In a union, the members pay dues, a portion of which is diverted to political purposes, as determined by the union leadership.  The political views of the leadership may not be consistent with that of the membership.  Union members should be able to decide for themselves which political causes they want to support with their hard earned money. So if a union member makes a decision to make a contribution directly to my campaign, he has exercised his own free well and I welcome the support with open arms.  Support from a union is artificial because somebody other than the worker who earned that money is making the decision.  In addition, by not accepting union money, I will win the election without their support and therefore not feel beholden to them and will be free to make decisions I truly believe are in the best interests of the school district.

OJ:  It seems to drive SOME Republicans crazy, that so many of the opponents of the current Board – which of course consists of GOP insiders with their strings pulled by other GOP insiders – that so many of their opponents are also Republicans.
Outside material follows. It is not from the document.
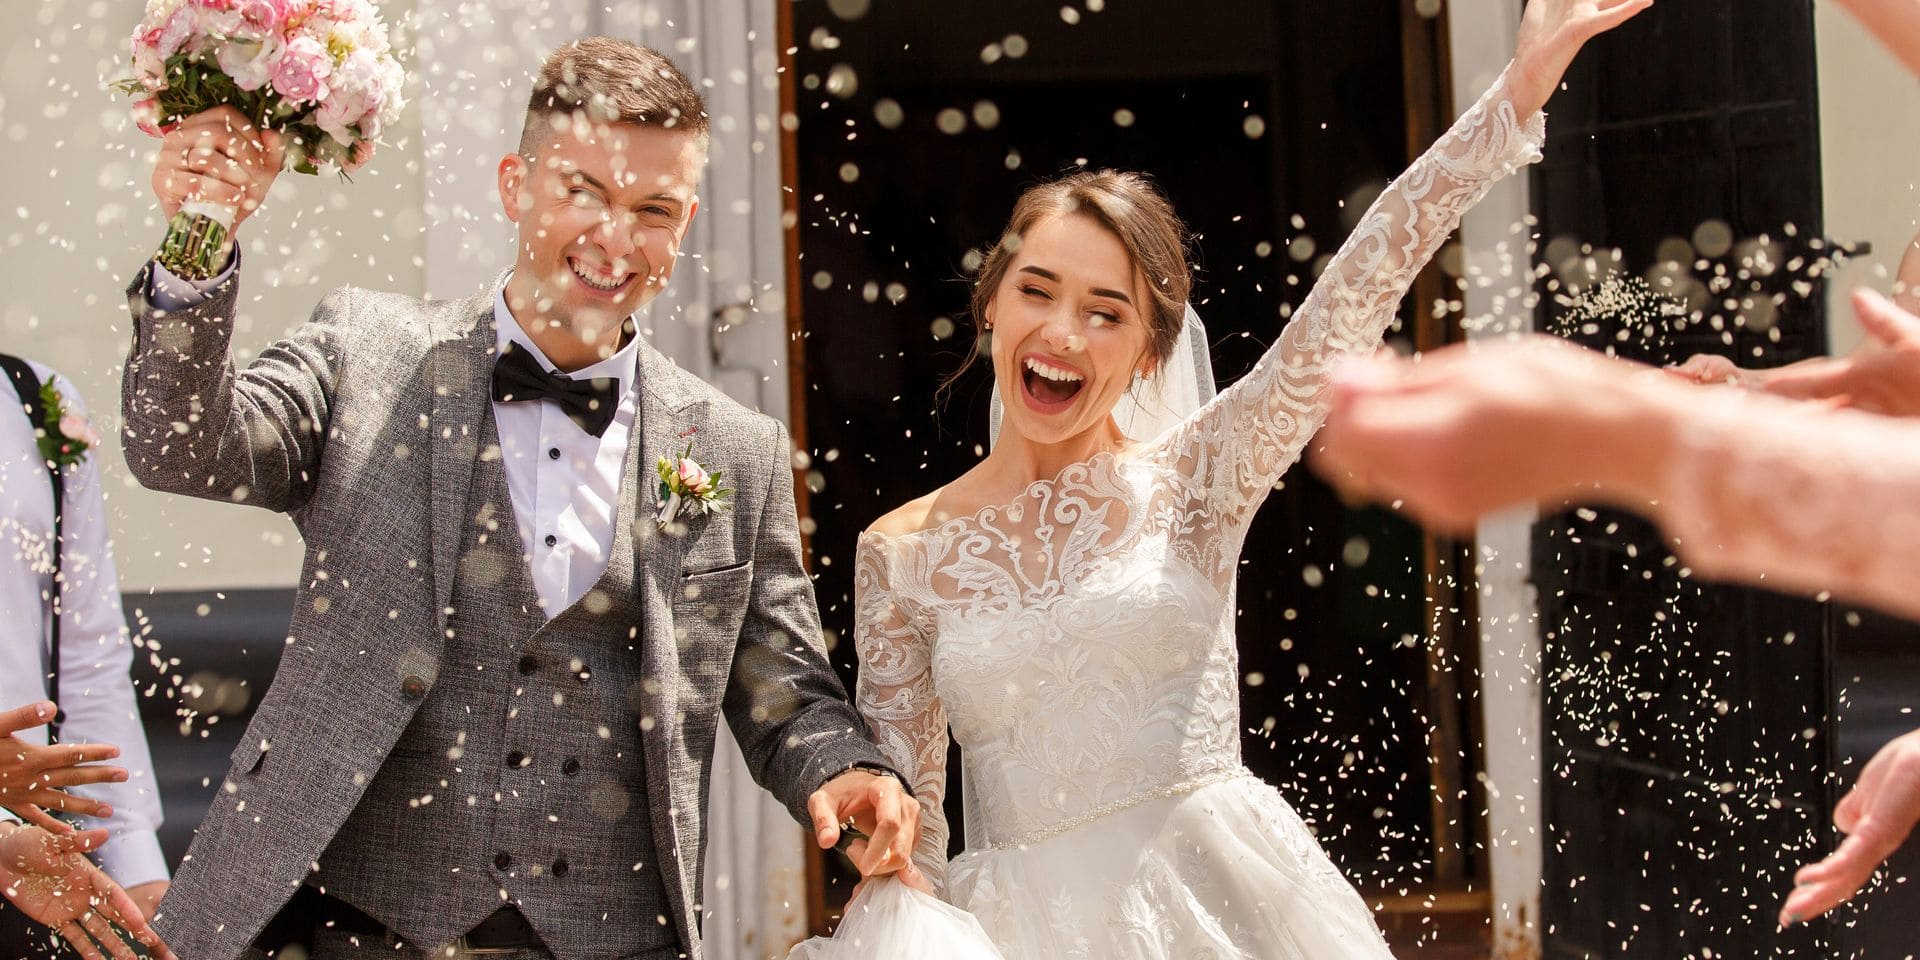 Happy,Wedding,Photography,Of,Bride,And,Groom,At,Wedding,Ceremony.

You especially they treat like some kind of Judas or Benedict Arnold. You sense that too?

Alpay:  Well…I don’t think this whole thing is really a Republican or Democrat issue, this is a non-partisan issue, and a non-partisan position. Mike Winsten himself is a good example of that – up until two years ago, right before running for this board, he’d been a lifelong Democrat.  So, whether you’re a Republican or Democrat, I think you need to look at the track record of the individual, and see what they’ve done, consider what they’ve said, and then make an informed decision based on the facts.  With respect to Winsten, you need to ask if he’s acted in the best interests of his constituents.  So, Republican, Democrat, or Decline to State, I’m seeing an across-the-board dissatisfaction with this trustee.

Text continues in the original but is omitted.